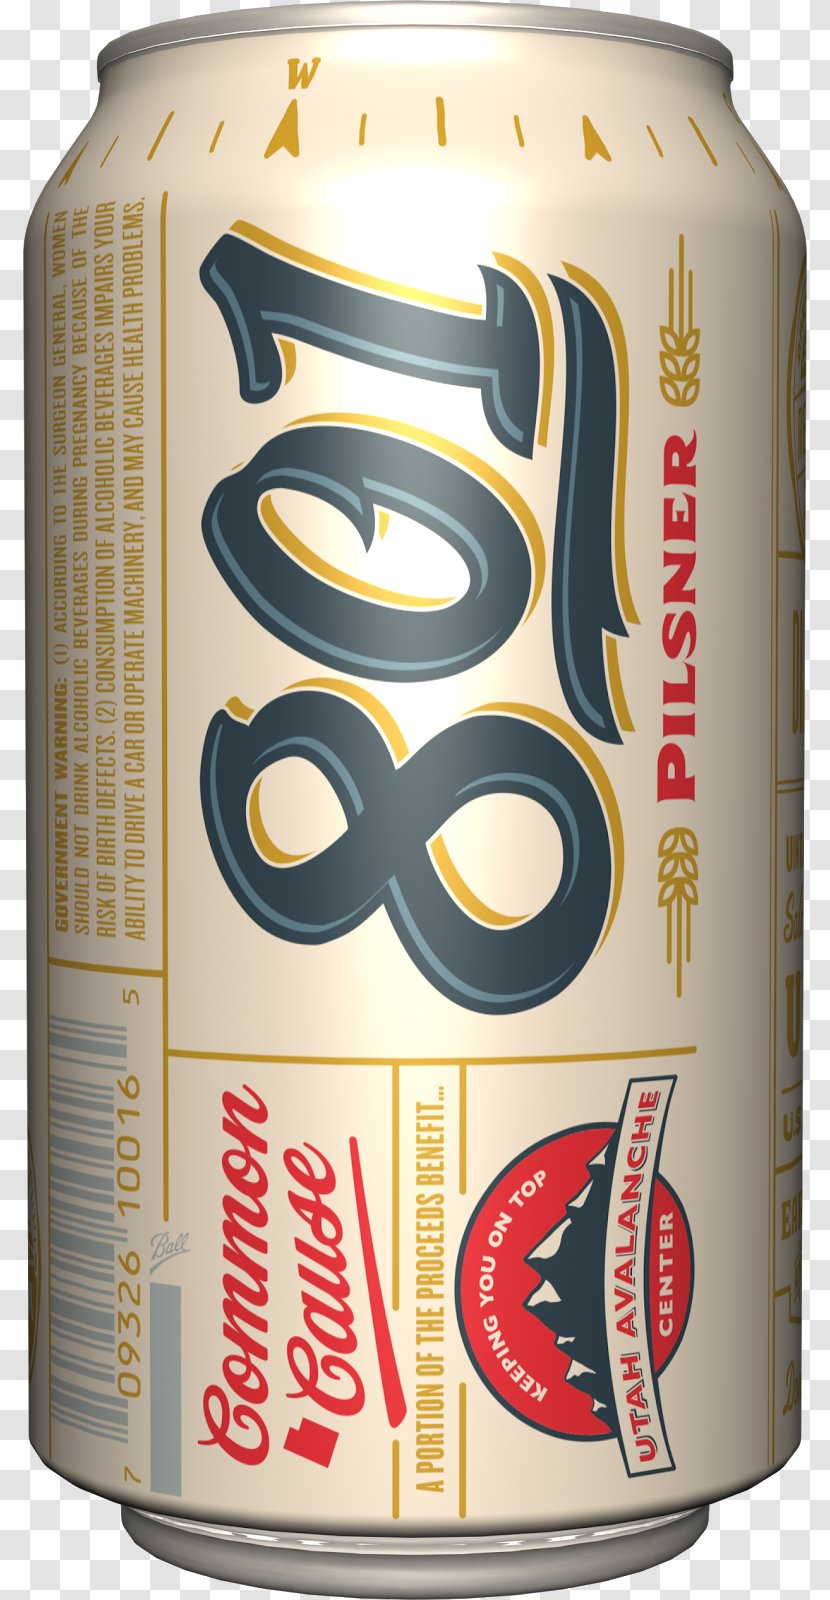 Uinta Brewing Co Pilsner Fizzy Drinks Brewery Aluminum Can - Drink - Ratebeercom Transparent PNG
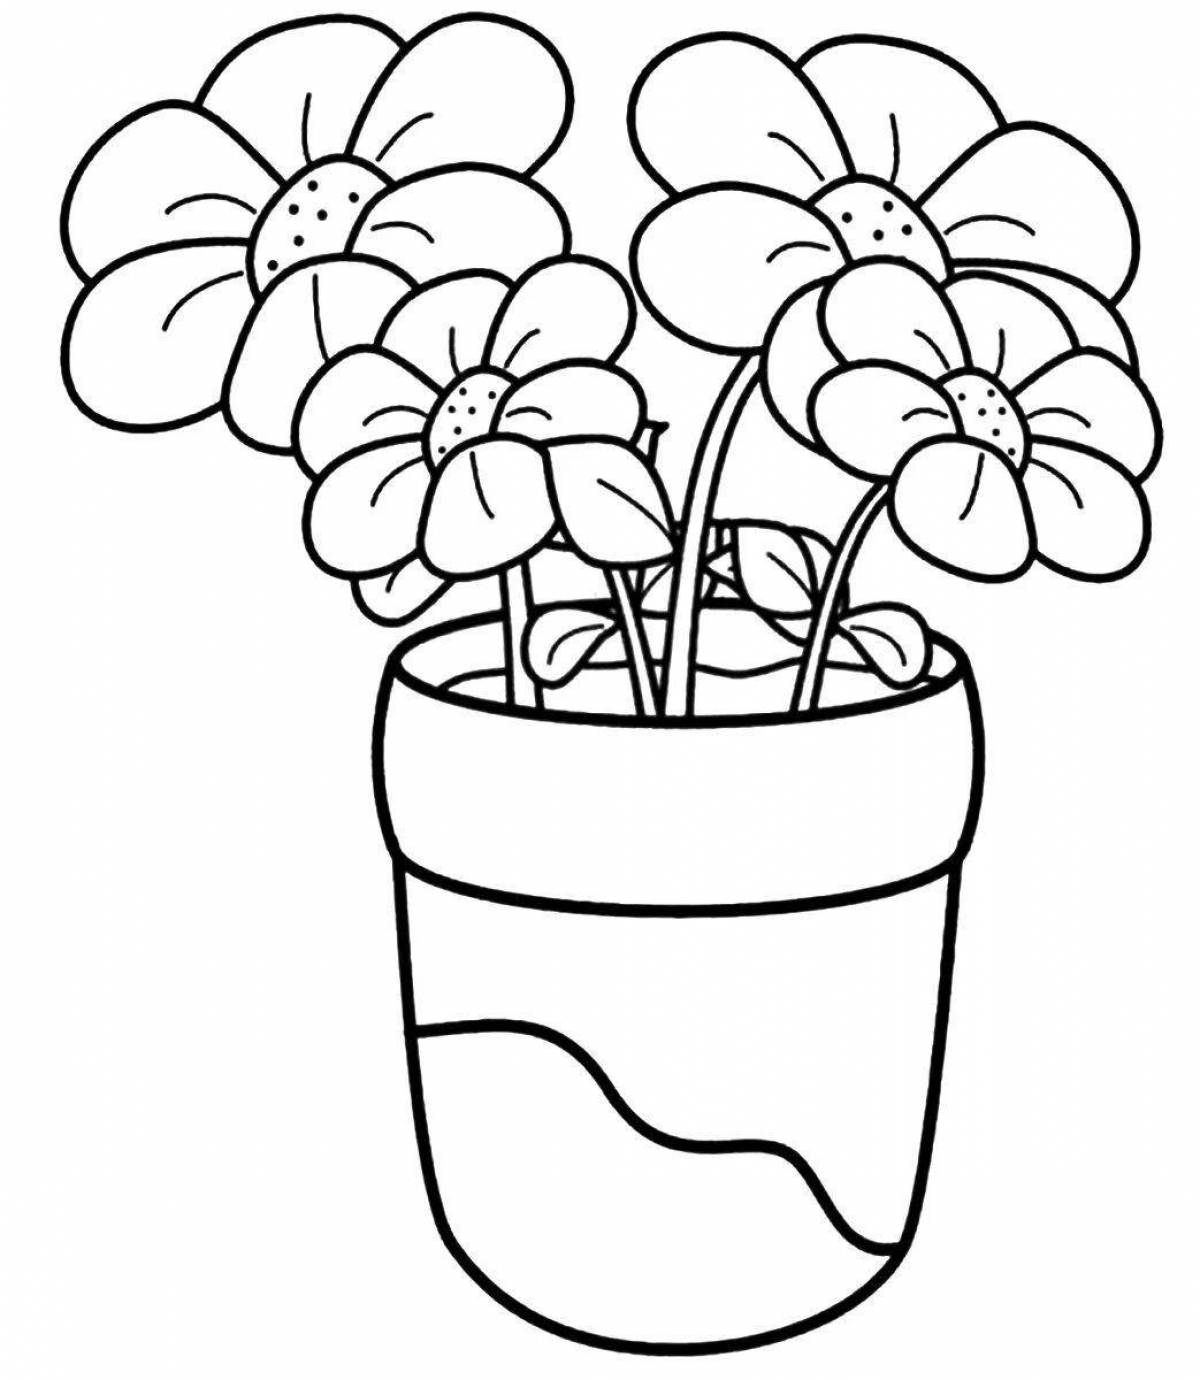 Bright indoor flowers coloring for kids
---
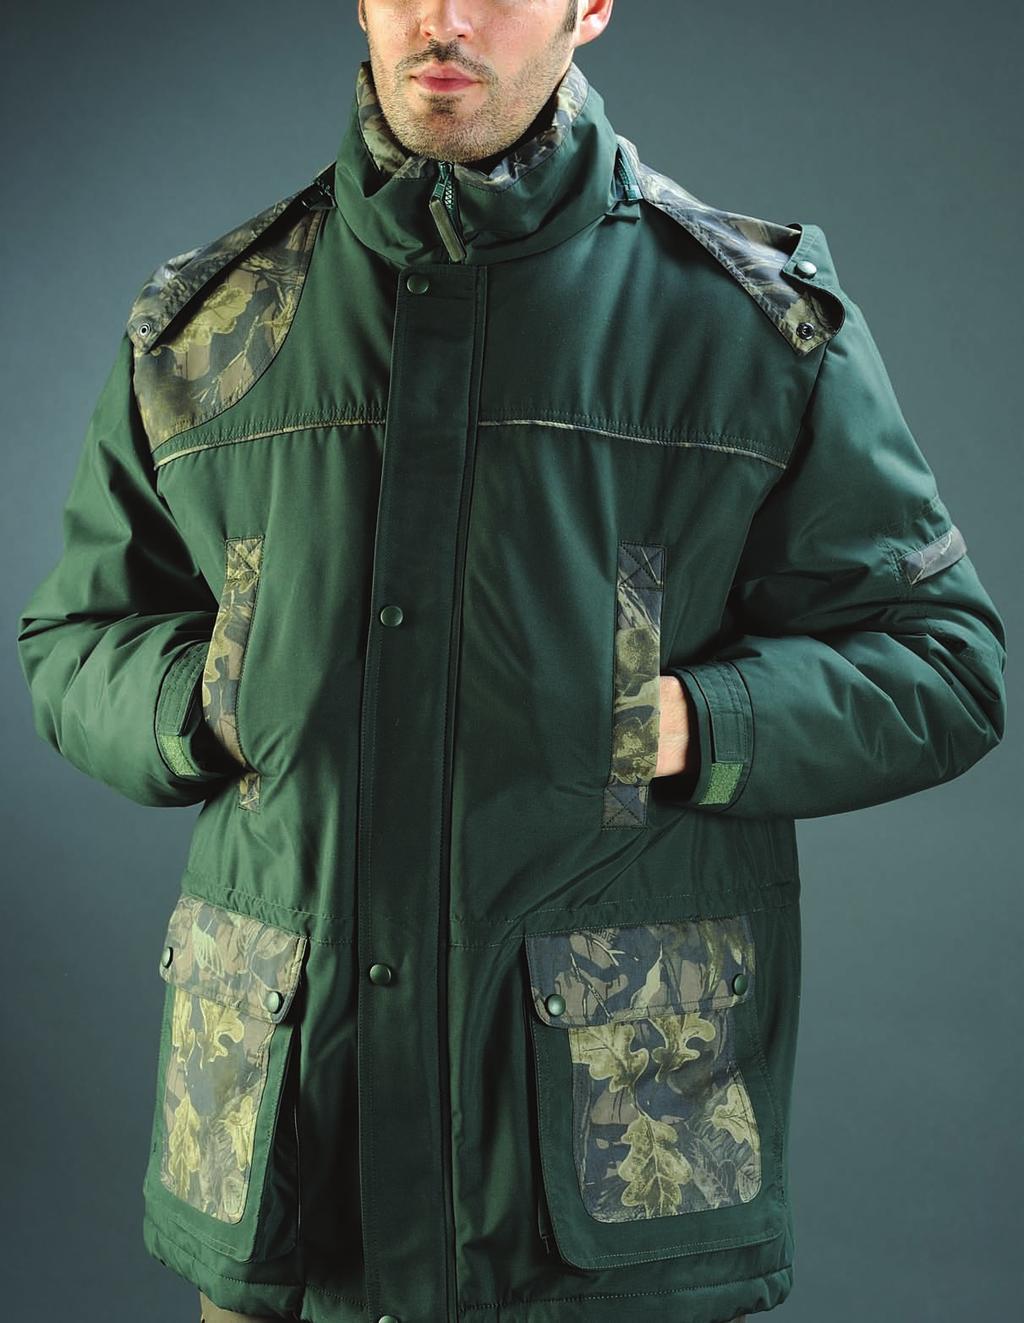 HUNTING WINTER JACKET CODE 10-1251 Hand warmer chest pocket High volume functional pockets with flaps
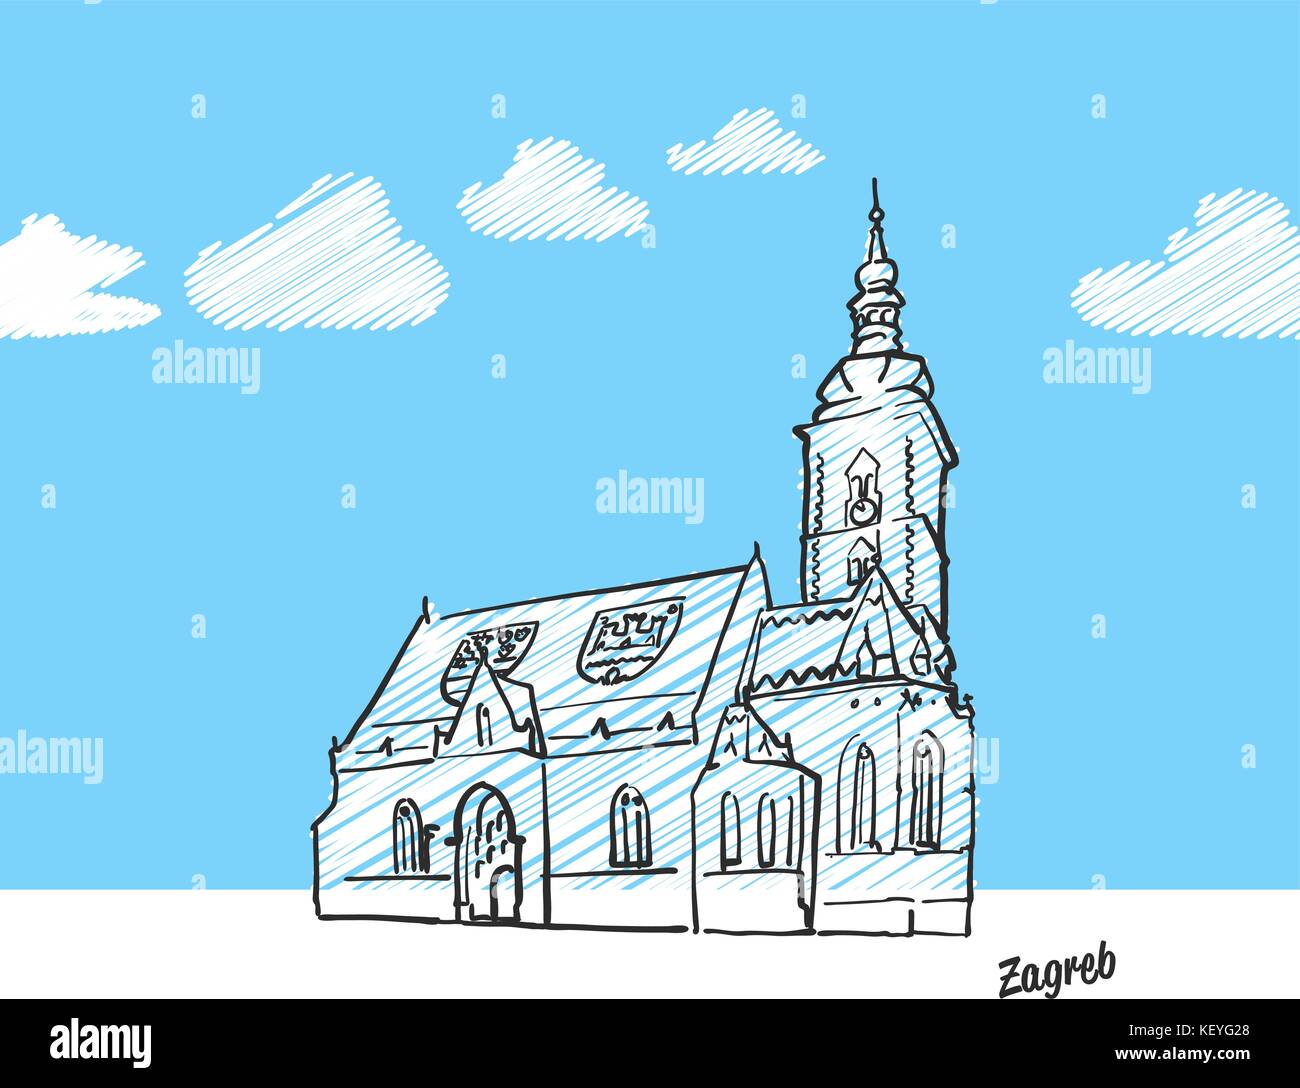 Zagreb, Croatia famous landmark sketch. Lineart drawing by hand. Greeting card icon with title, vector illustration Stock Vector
* * *
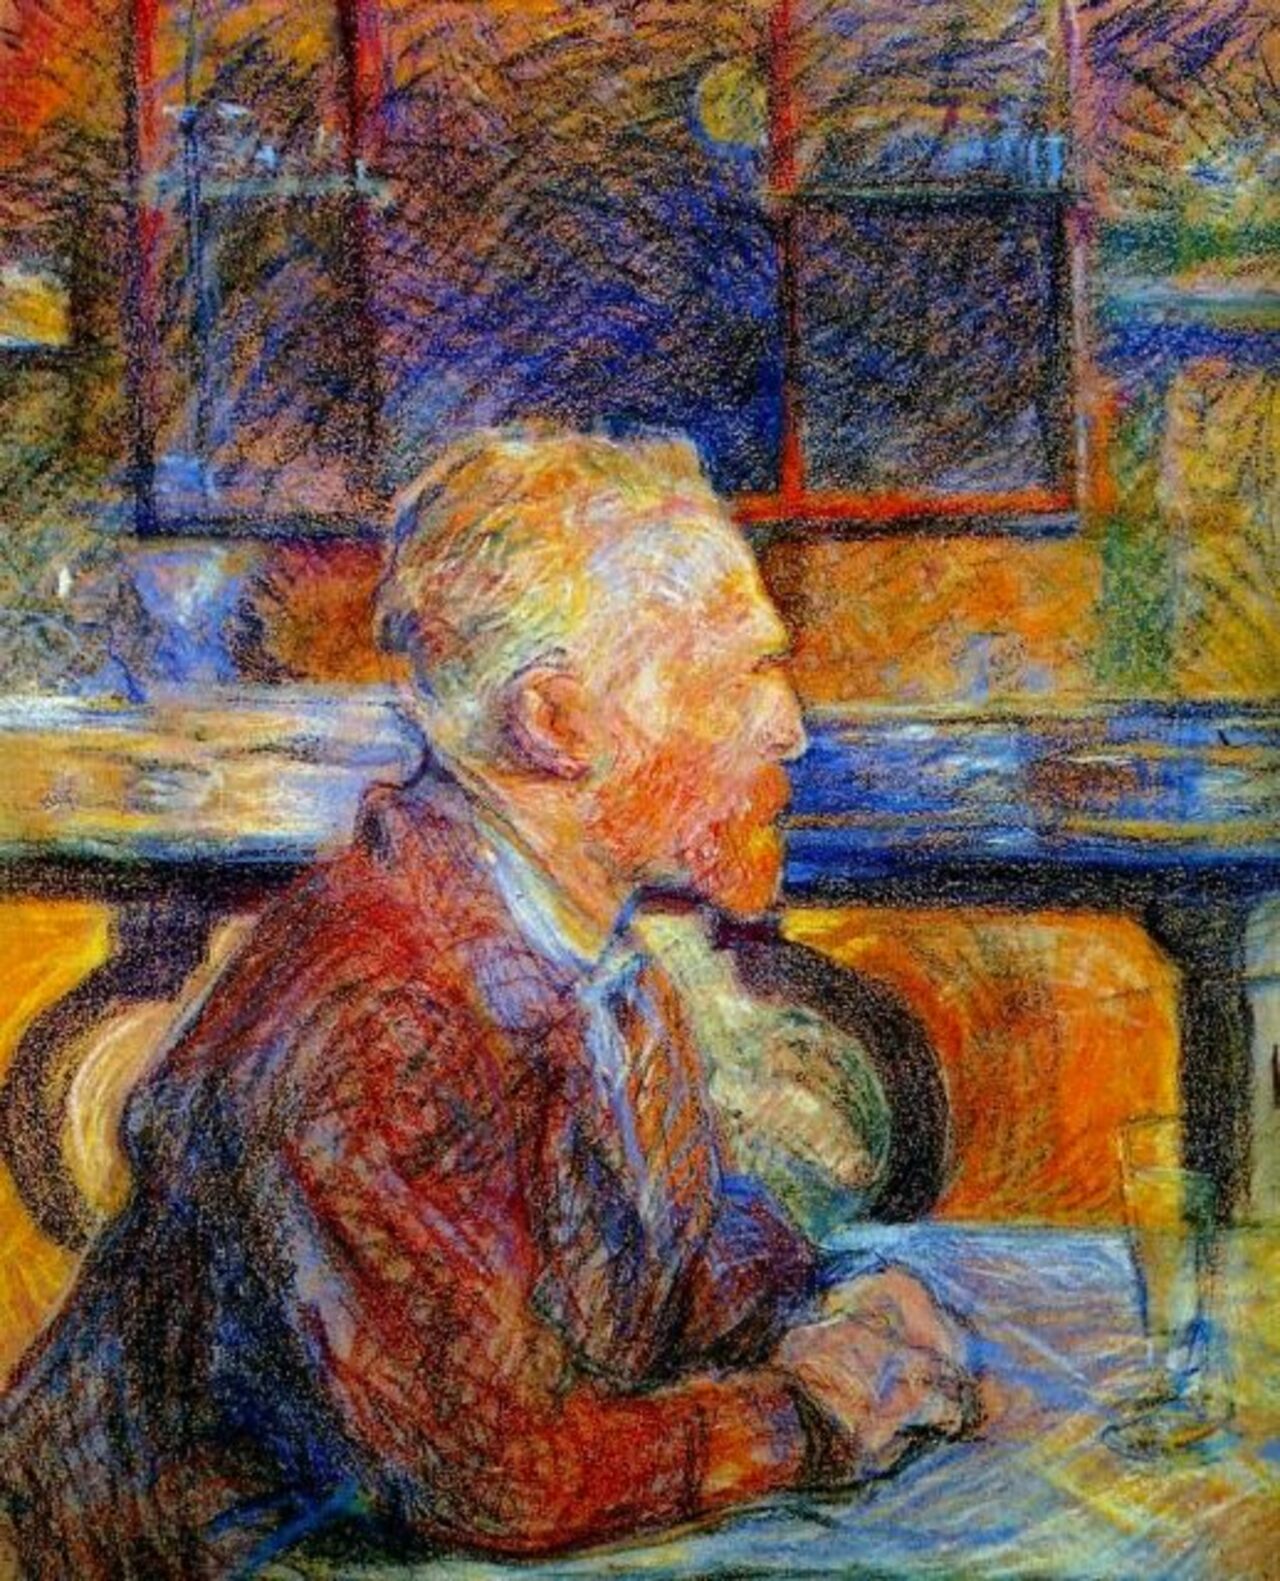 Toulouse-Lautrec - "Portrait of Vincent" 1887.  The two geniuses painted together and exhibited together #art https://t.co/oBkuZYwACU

Activity -
Every line from the one with "Uinta Brewing Co" through the one with "Bright indoor flowers coloring for kids" is to be reproduced exactly as written above, and the pictures are to be dropped.

Reply -
 Uinta Brewing Co Pilsner Fizzy Drinks Brewery Aluminum Can - Drink - Ratebeercom Transparent PNG
 Bright indoor flowers coloring for kids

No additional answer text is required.